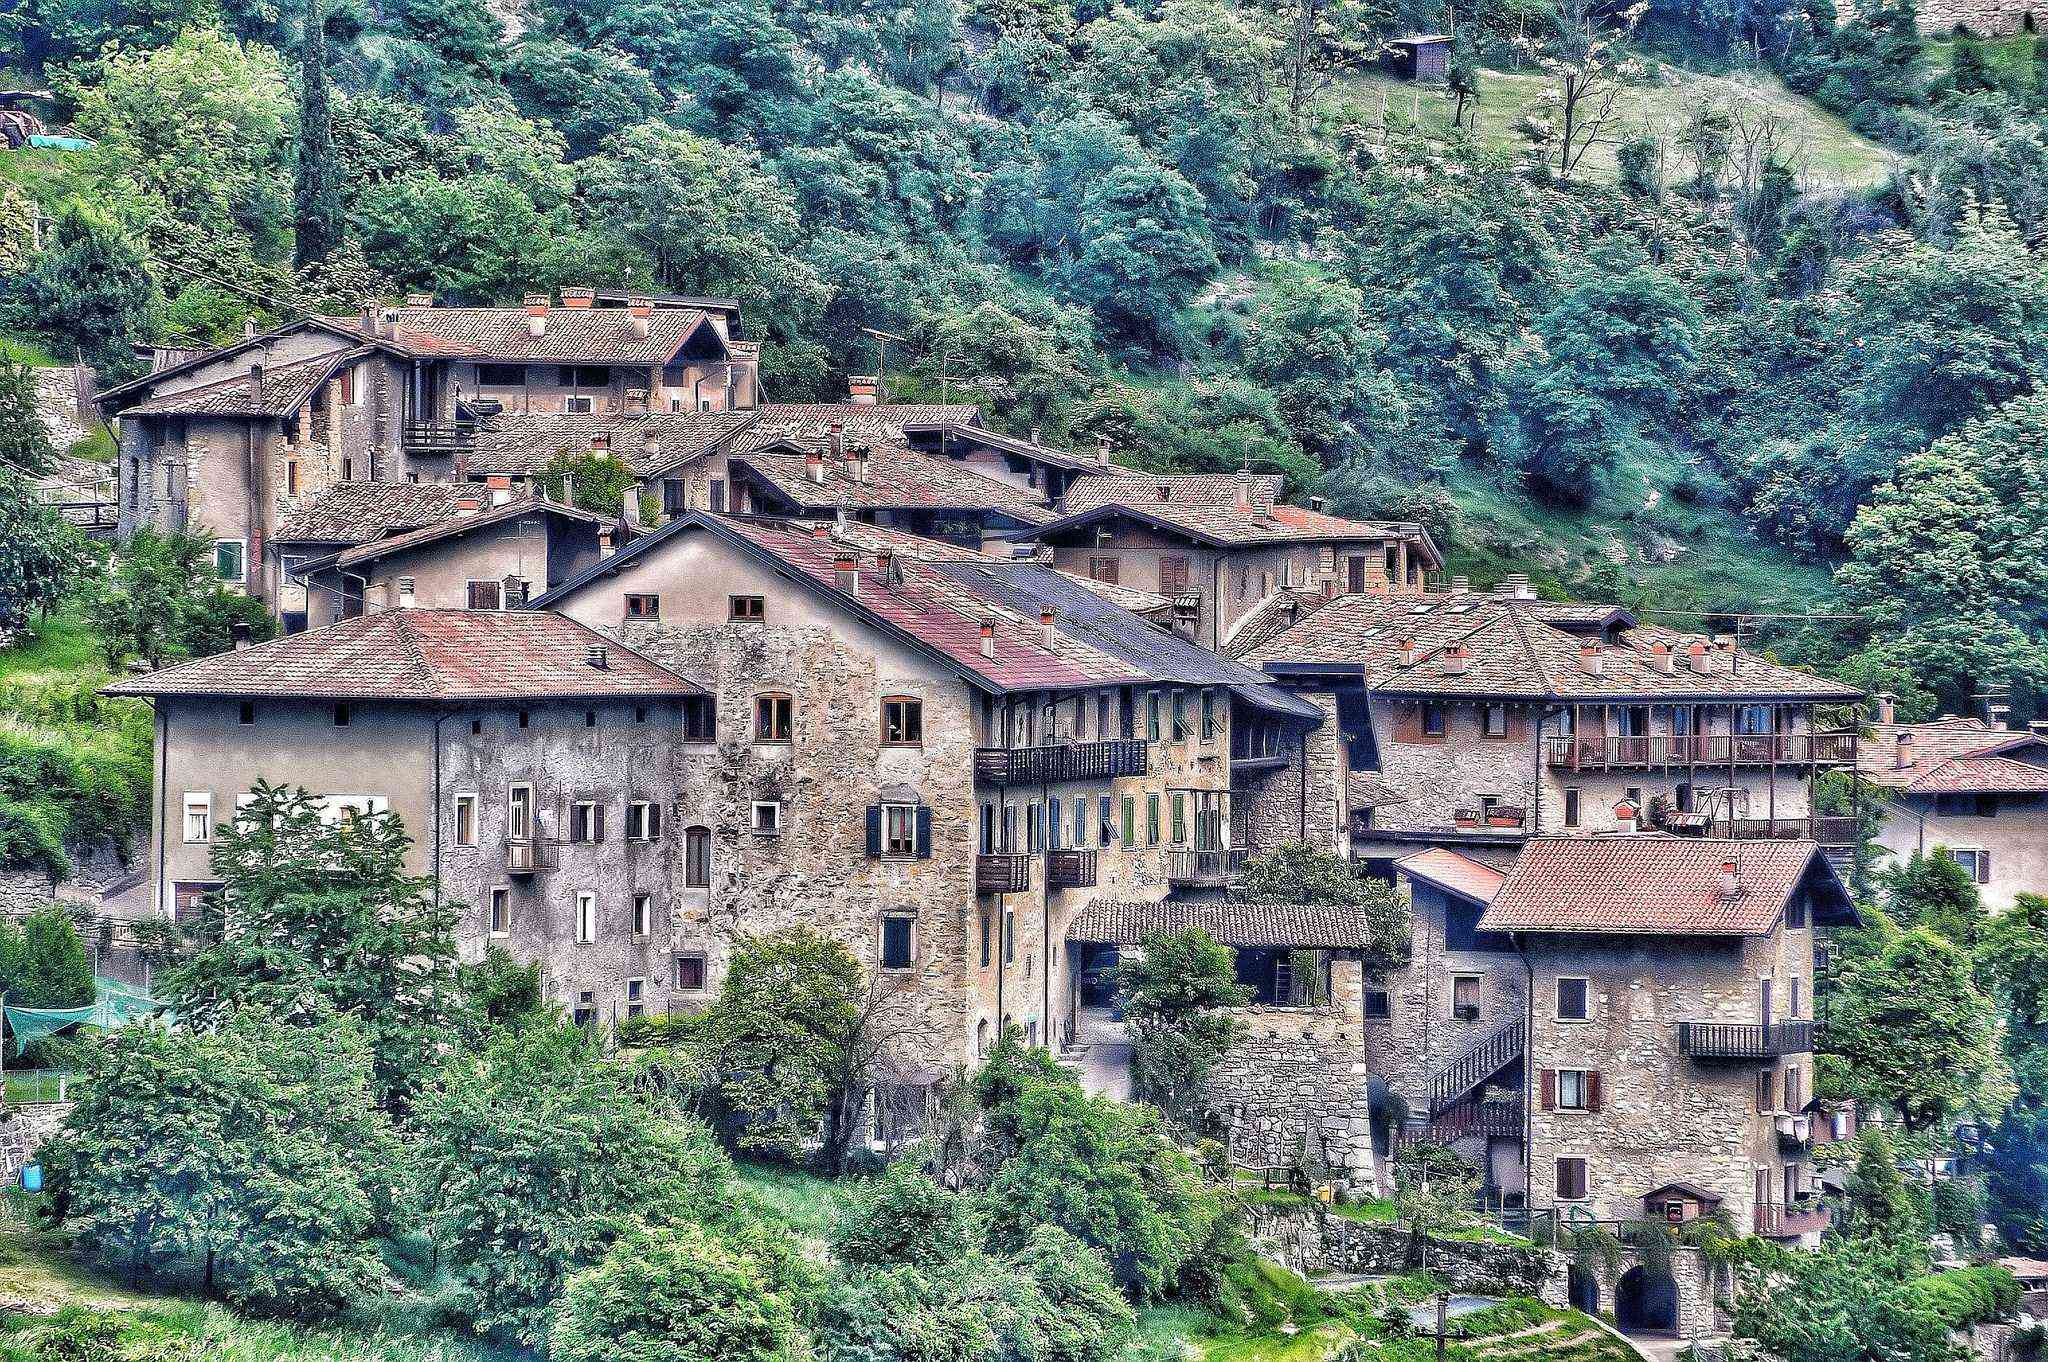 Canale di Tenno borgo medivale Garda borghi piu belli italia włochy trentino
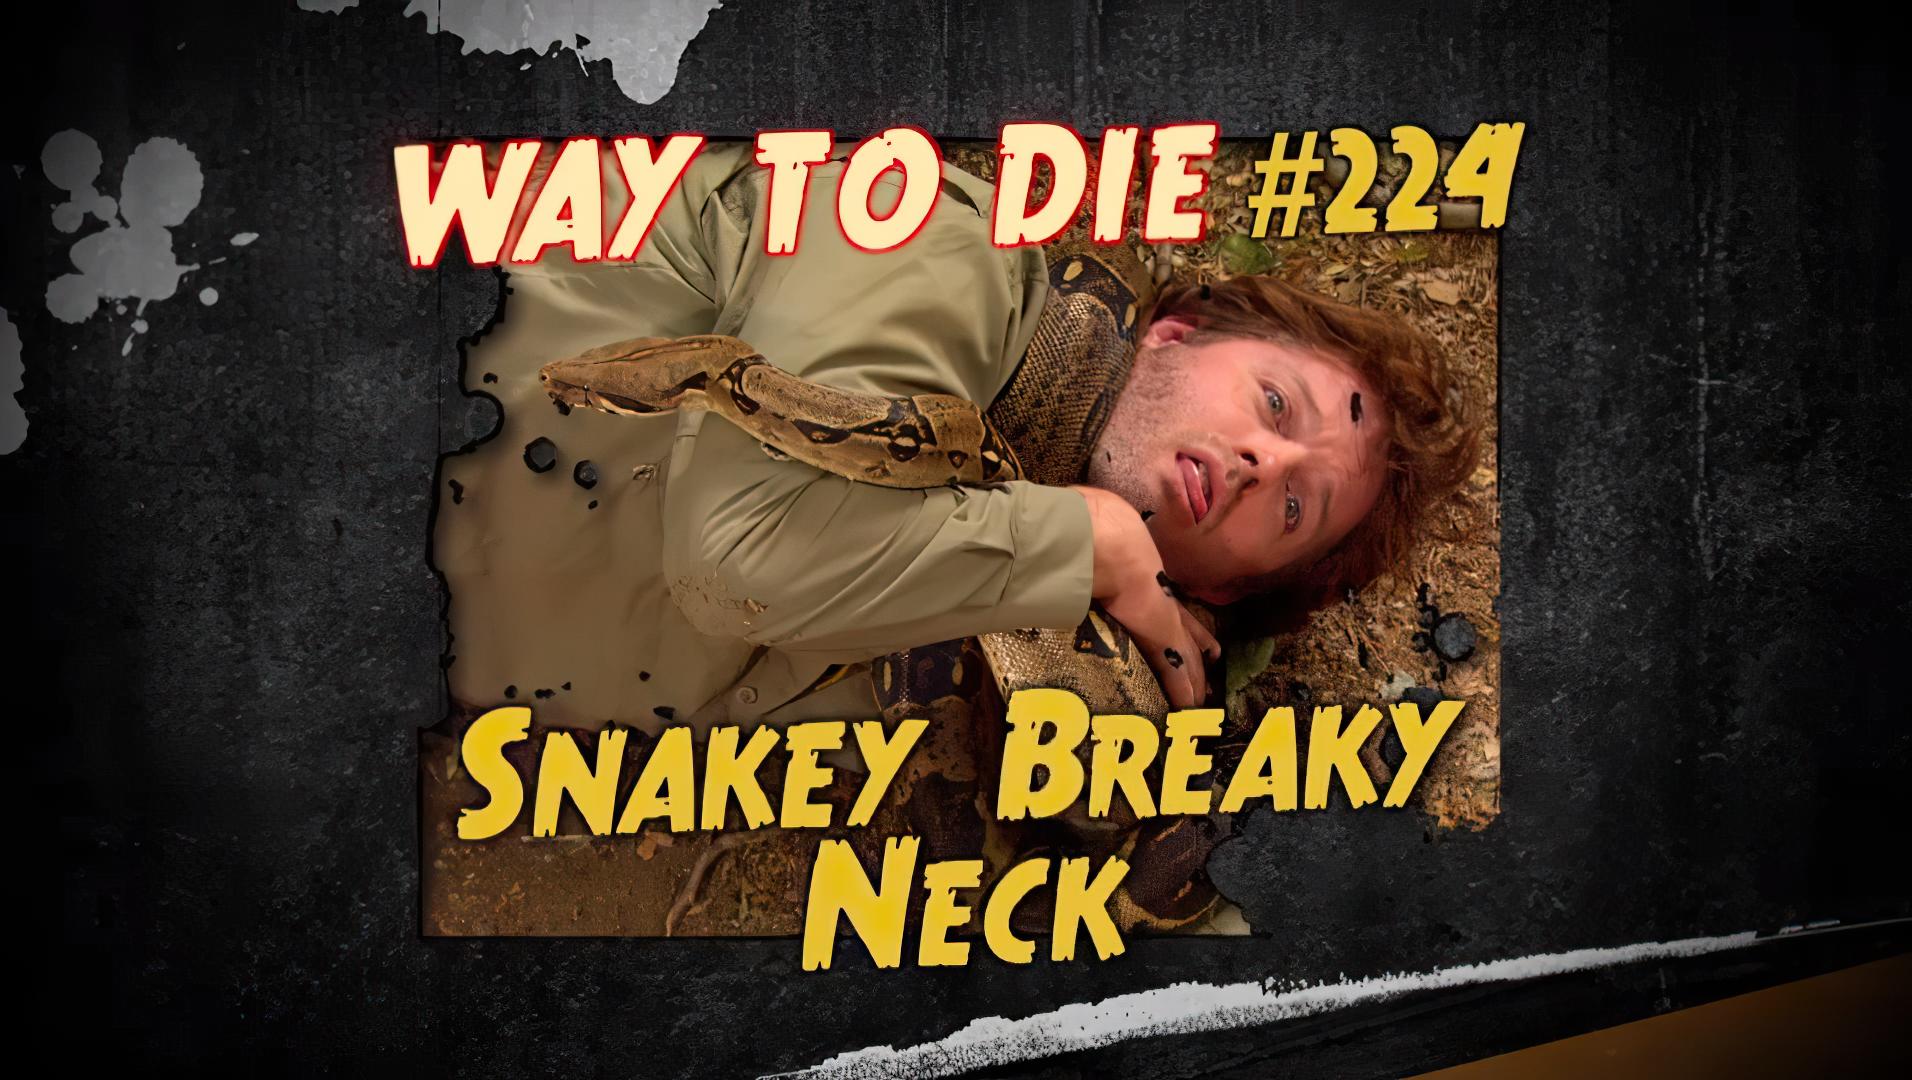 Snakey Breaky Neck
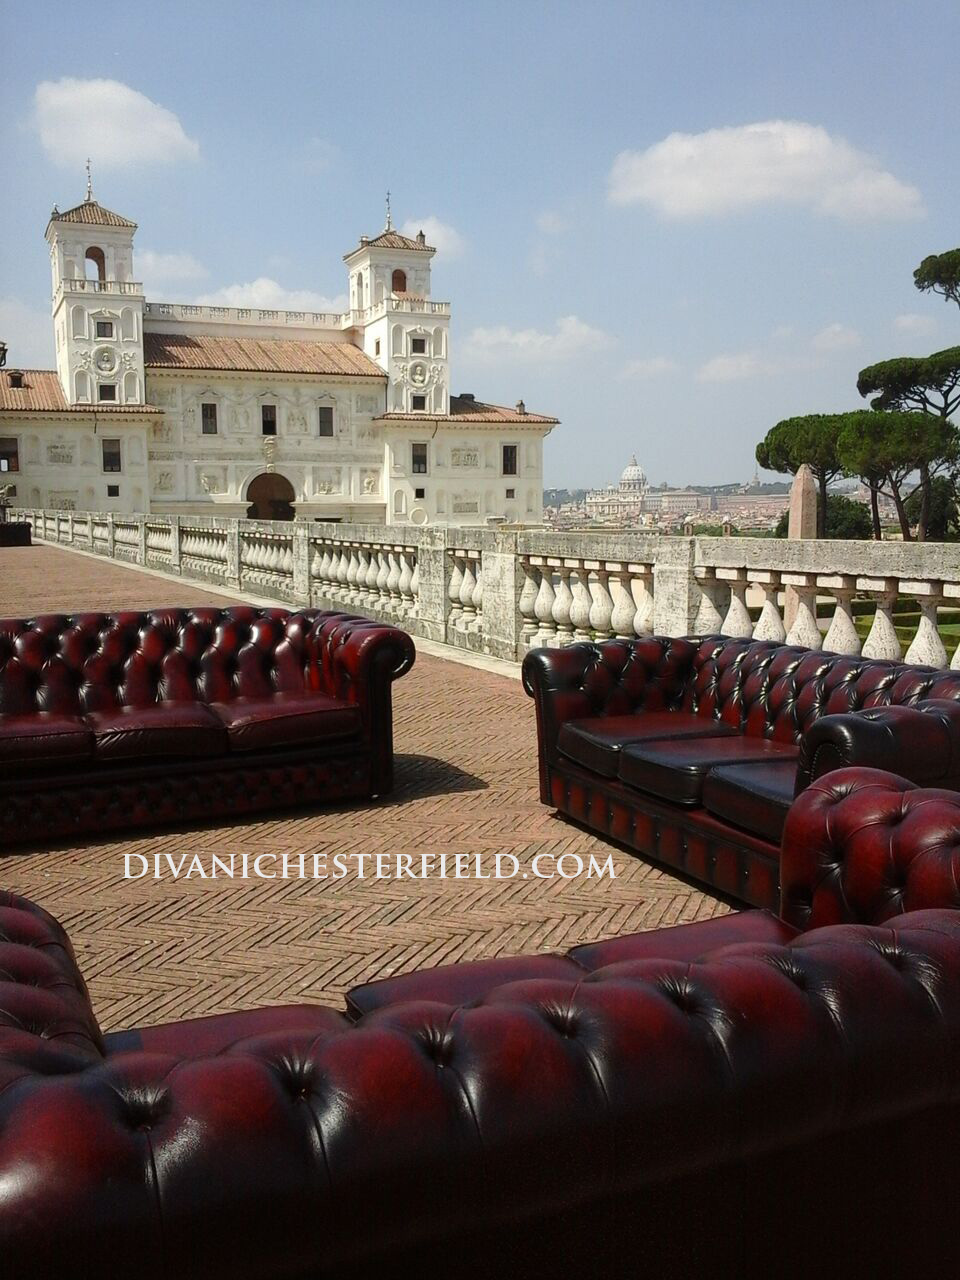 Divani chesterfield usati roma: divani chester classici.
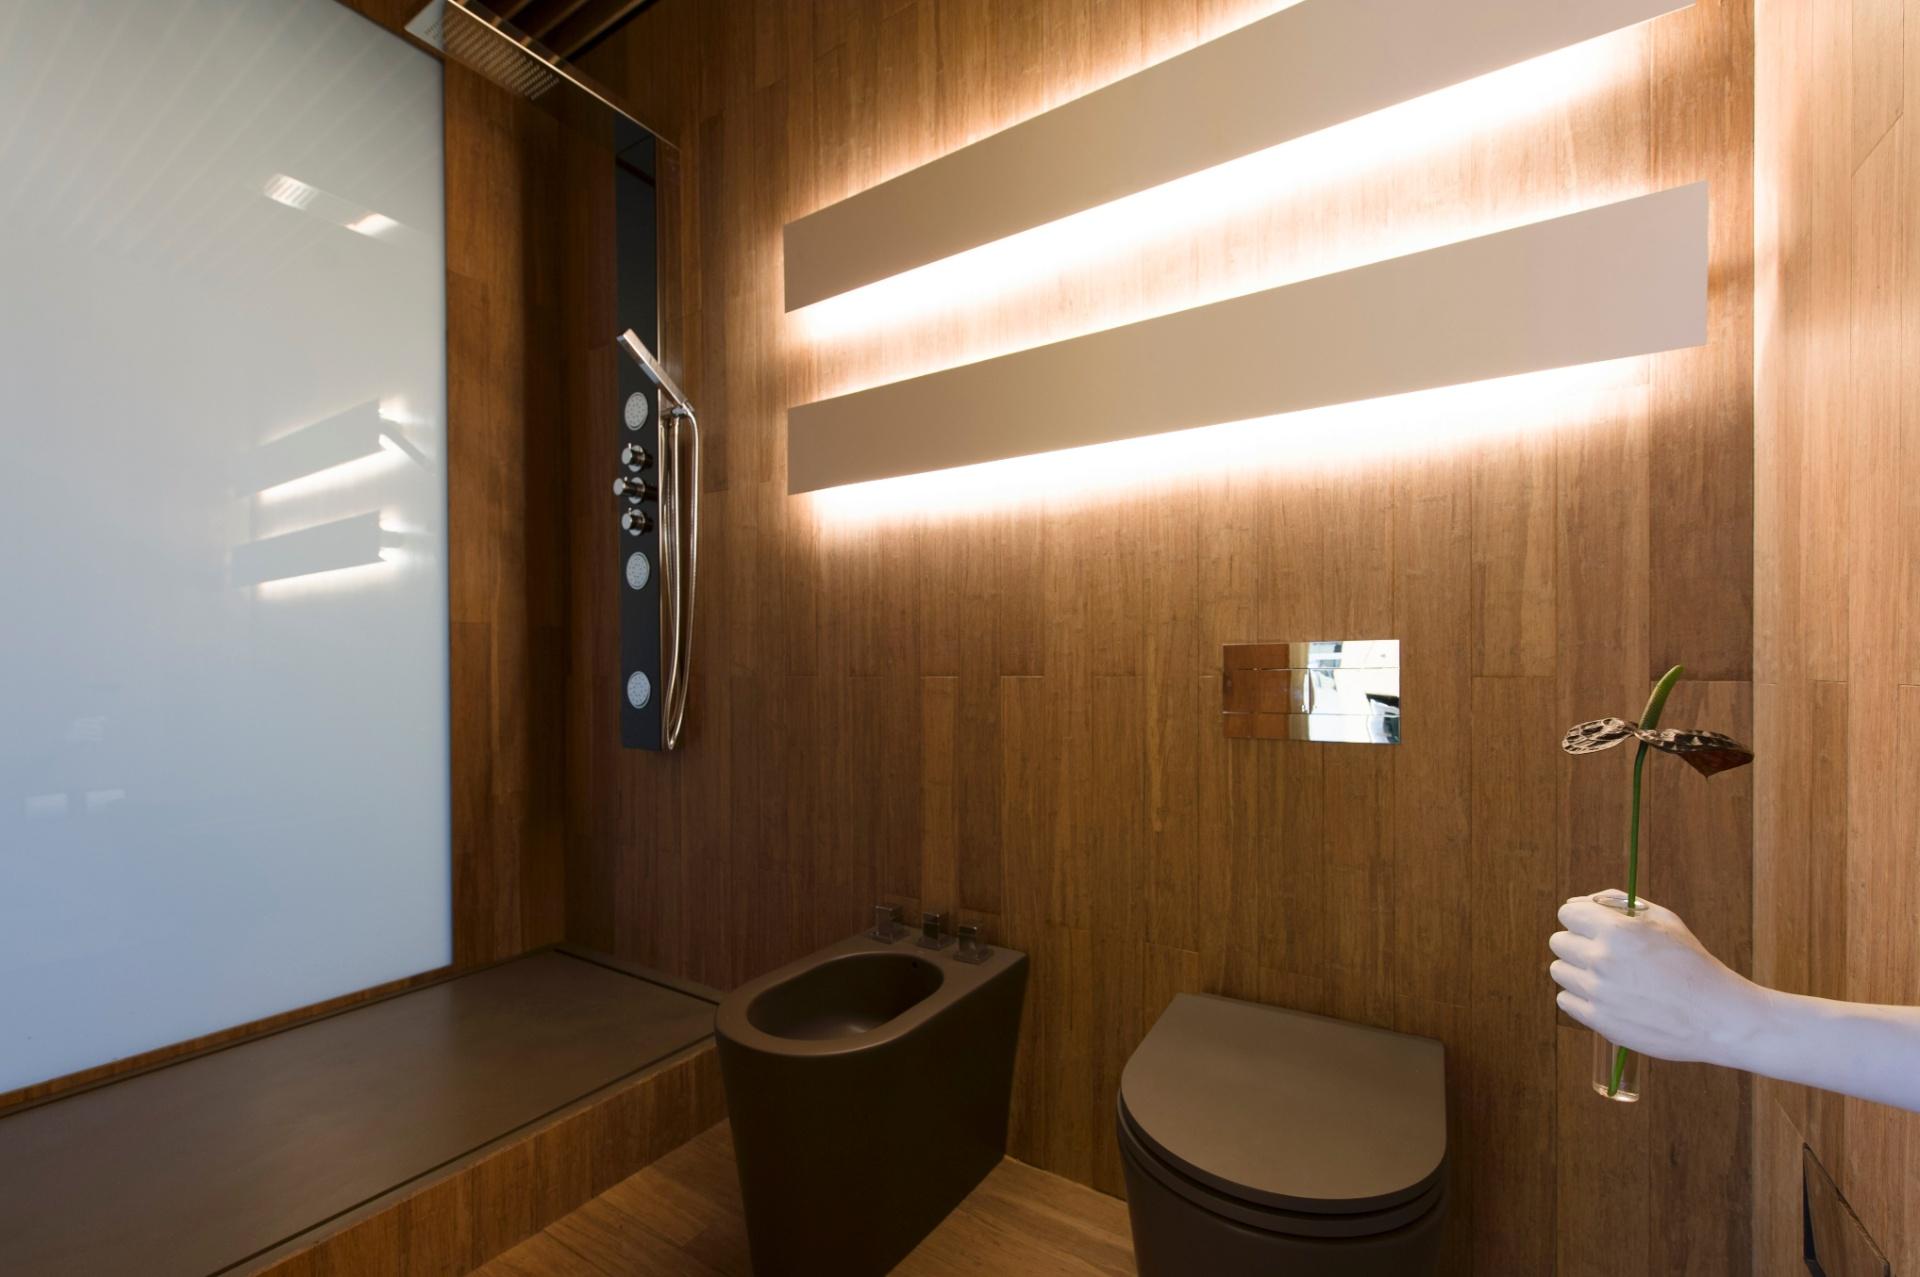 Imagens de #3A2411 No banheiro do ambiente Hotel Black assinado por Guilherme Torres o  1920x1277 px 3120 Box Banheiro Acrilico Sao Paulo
◇ ◇ ◇ ◇ ◇ ◇ ◇
▶ _REQUIREMENT_
The data above must be reproduced exactly, without any of its pictures.

▶ _YOUR SOLUTION_
 Canale di Tenno borgo medivale Garda borghi piu belli italia włochy trentino
 Snakey Breaky Neck
 Divani chesterfield usati roma: divani chester classici.
 Imagens de #3A2411 No banheiro do ambiente Hotel Black assinado por Guilherme Torres o  1920x1277 px 3120 Box Banheiro Acrilico Sao Paulo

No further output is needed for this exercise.